Q1. Please select the image that reflects the shape of both the input and styled faces.
Q2. Please select the image that is most similar to the styled face in terms of textural aspects.
Q3. Please select the image that reflects both the shape of the input and styled faces and is most similar to the styled face in terms of textural aspects.

From the scores of the user study, where 50 participants participated, we can conclude that our scheme outperforms the comparative studies to a great degree. For the three questions, our results show higher scores than those from the compared studies. The results of the user study are presented in Table 3. Among the questions, the answers from Q1, which asks about the resemblance of the shape, shows the lowest score compared to other questions. We can assess that the results from [14] resemble both input and styled faces.
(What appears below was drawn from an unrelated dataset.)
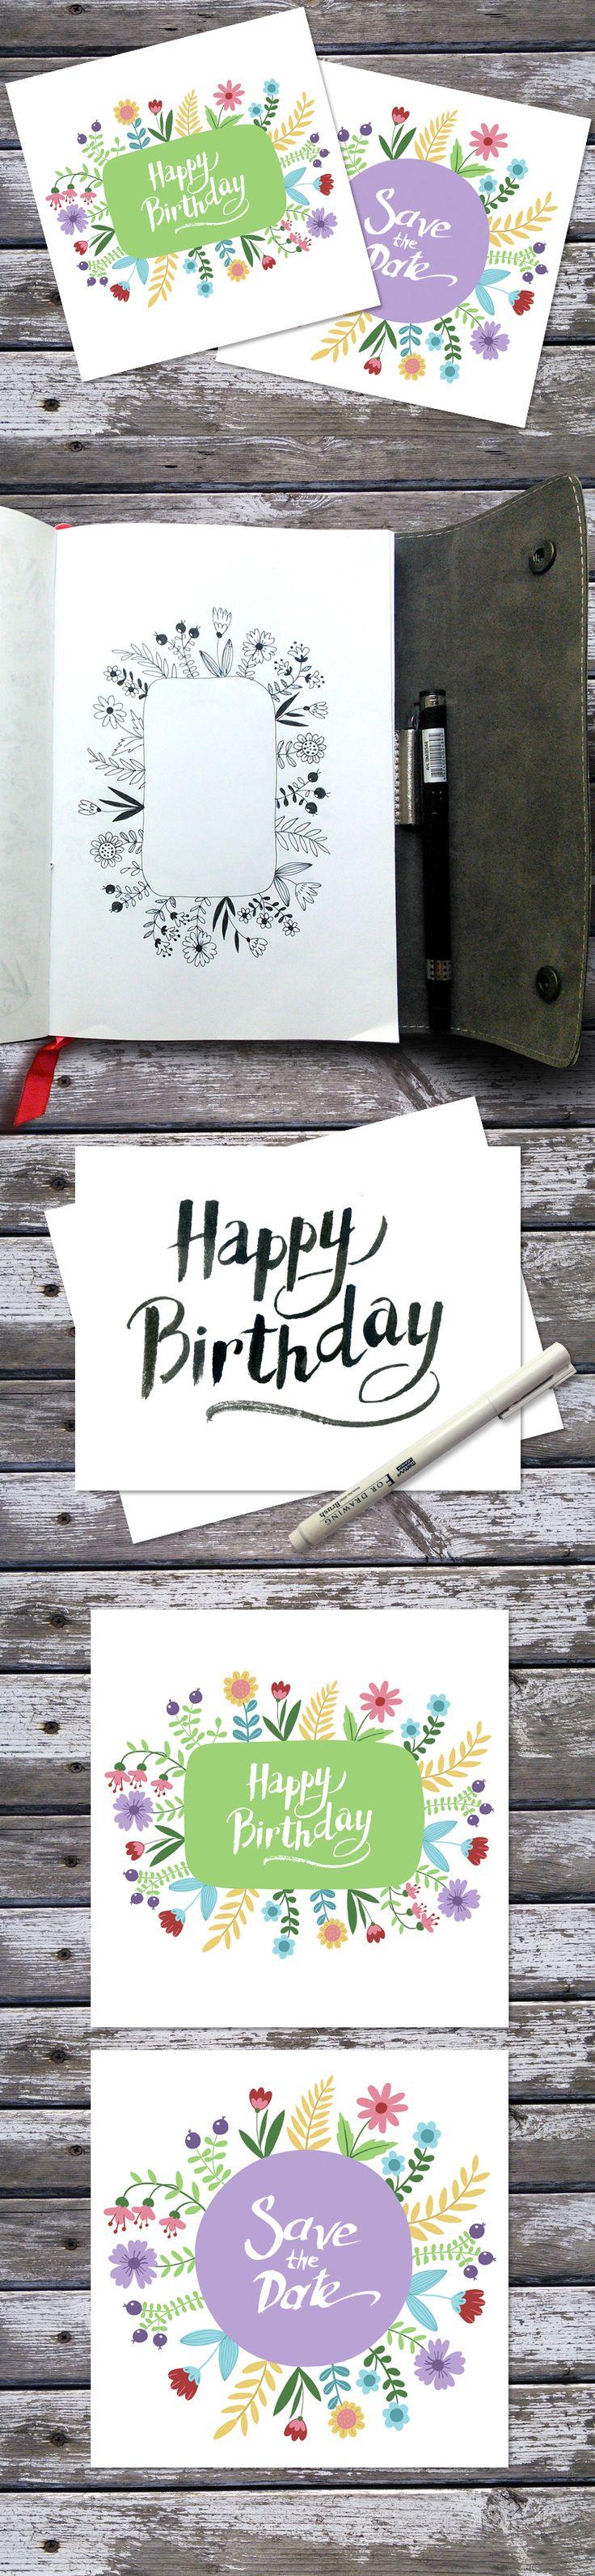 free printable funny0th birthday invitations%0A Happy Birthday invitation card on Behance

However, our scheme shows better scores than Kim et al.’s work [14] since we can resolve the artifacts observed in the results from [14]. Our scheme that employs explicit facial features, which allows scale-independent shape control, can resolve the unwanted artifacts between the faces whose scales are significantly different.

8.3. Ablation Study

As explained in Section 5, we propose a method for generating facial landmarks using an energy optimization technique, where energy is defined as the sum of internal and external energies. The external energy is utilized to control explicit facial features, while the internal energy is used to maintain the smoothness of facial component shapes. We defined the internal energy for each facial component separately. Figure 14 illustrates the comparison between considering internal energy for all facial components and removing the internal energy for each component separately. The results generated by removing the internal energy show that, in most cases, the transformed landmarks are not evenly distributed or smooth. Furthermore, the shape of the landmark is not maintained. For instance, removing the internal energy for the nose resulted in some landmark points overlapping.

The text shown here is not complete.